After getting suitable results, we built a P43+ovastacin cassette with which we wanted to produce ovastacin to get our recombinant protein for further assays to check the functionality of the protein via our experiments . We carried out the cloning procedure using Golden Gate assembly and transformed our plasmid in E coli NEB10𝛃. Then we performed a colony PCR with the transformants, however we couldn’t get suitable transformants as we suspected there might be experimental errors during cloning or transformation. We are troubleshooting this experiment further. 

1.4 Learn: 

Protease production is required at least for a week's interval taking into account three days pre and post-ovulation which is usually considered as the fertile window. Progesterone levels rise after ovulation, hence ovastacin production takes longer than the assumption taken while designing. This is why the above system needed to be modified such that ZP2 can be hardened in time [15]. 

Iteration 2: 

2.1 Design:

From what we learned it was clear that progesterone induction would not be able to regulate ovastacin properly. Hence another inducible system based on estrogen might work but still, estrogen surge comes twice which would lead to a tightly regulated inducible system. If no suitable system is found, alternatively, the effect of progesterone could be changed to repressible in order to regulate ovastacin.

2.2 Build: 

Estrogen biosensors had been worked upon in the past by Team: Carnegie_Mellon in iGEM 2015 [12]. It was designed using the fusion of T7 polymerase and estrogen receptor such that T7 polymerase undergoes conformational changes and gets activated inducing gene expression in presence of estrogen. But their results showed that even though the biosensor increases production of the downstream gene in presence of estrogen, there was leaky expression of the gene even in absence of estrogen. This meant that ovastacin production would just get upregulated with an increase in estrogen level, which would not act as a perfect regulatory system in our design.

Unable to find a well-characterized and sensitive estrogen biosensor that could regulate ovastacin production, the circuit was modified with the help of a P22 repressor to make it an inhibitory circuit as shown below:

Working of the genetic circuit for ovastacin production and hormone sensing.

Now, this system can regulate ovastacin to be present during the fertile period since ovastacin is now negatively regulated by progesterone due to indirect interference.

2.3 Test: 

The main focus was to get enough expression of ovastacin before ovulation so that it can harden the zona pellucida. This newly constructed genetic circuit was studied, and equations of production were written. While doing so, an inhibitor of ovastacin known as fetuin B was also considered. Fetuin B is known to act as an antagonist inhibitor of ovastacin in order to prevent pre-fertilization hardening of the ovum due to leakage of ovastacin from the cortical granules [16]. On considering these factors and progesterone variation the following graph was obtained. 

Graphical representation of first cycle after GMO delivery.

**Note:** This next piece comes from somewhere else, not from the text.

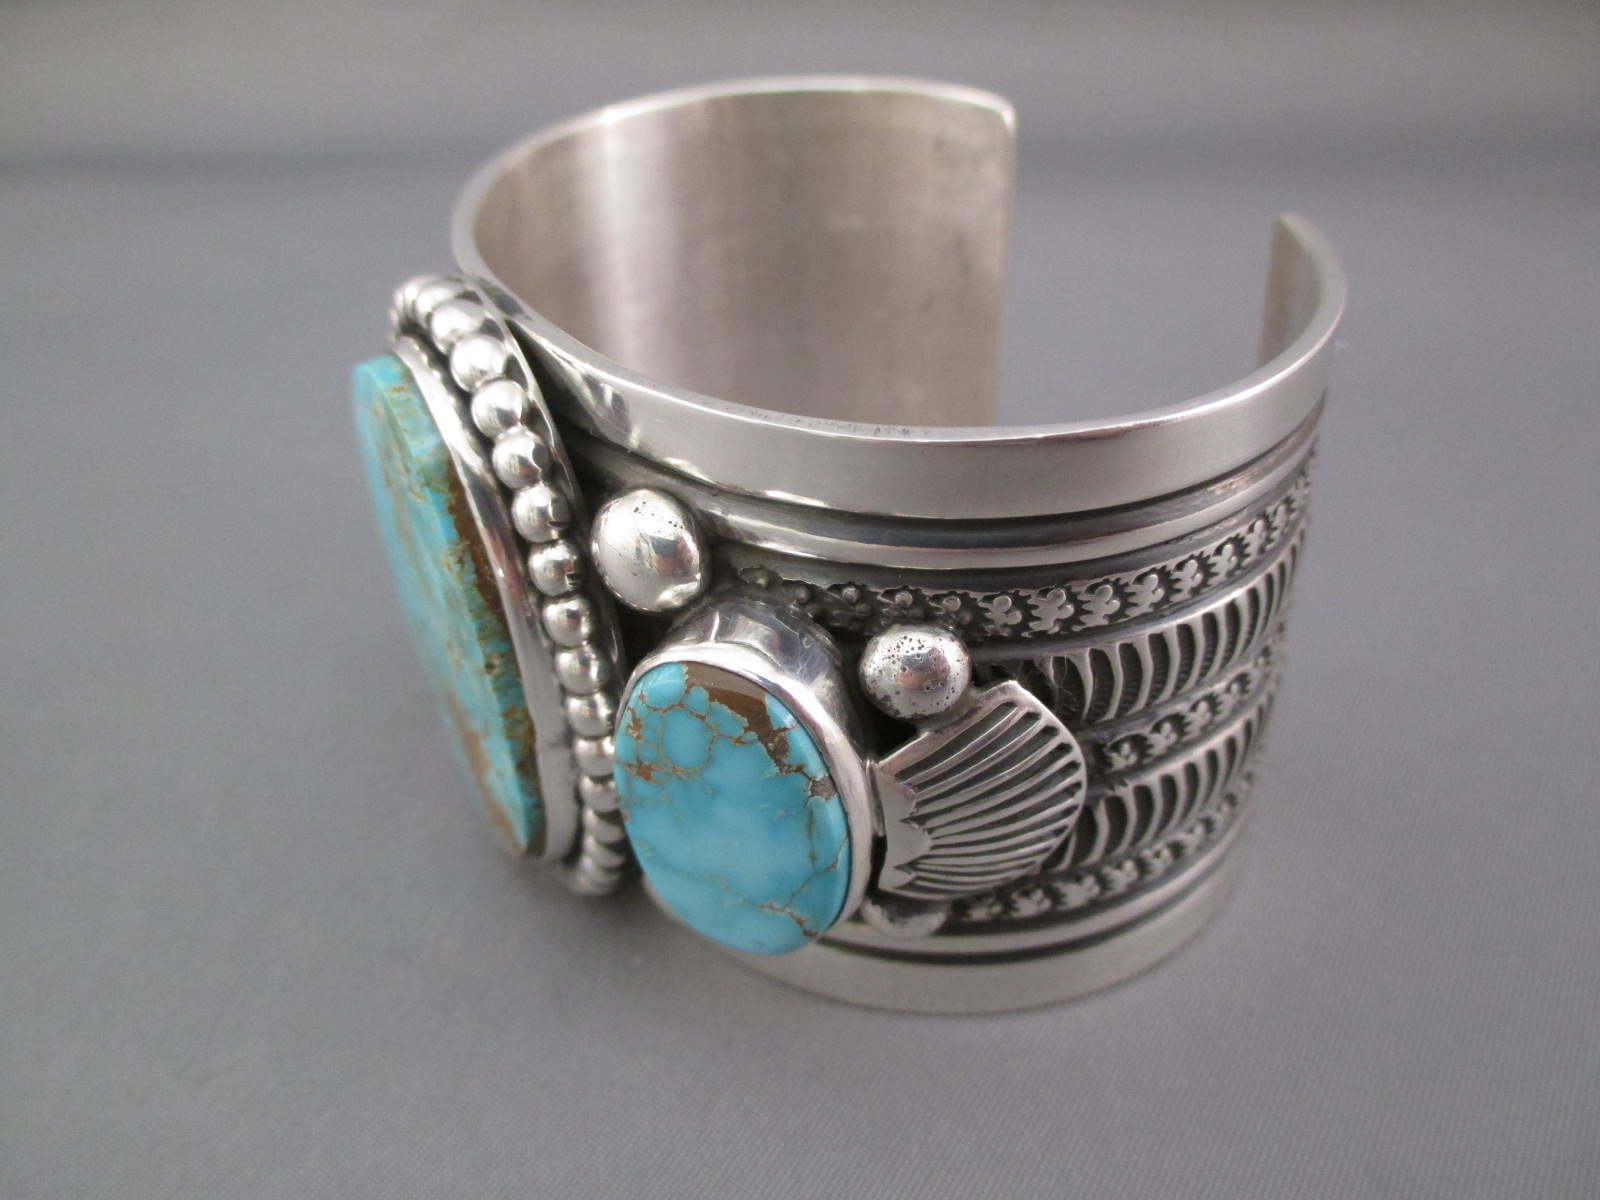 IMPRESSIVE Royston Turquoise Cuff Bracelet - Turquoise Jewelry

Graph showing ovastacin production over a month, the y-axis shows the concentration of different proteins in nm and x axis shows time in days.
Fig 2.2. Ovastacin production over a period of (first) month after GMO delivery. 
Graph showing ovastacin production after the first month, the y-axis shows the concentration of different proteins in nm and x axis shows time in days.
Fig 2.3. Ovastacin production over a period of any month after the first menstrual cycle.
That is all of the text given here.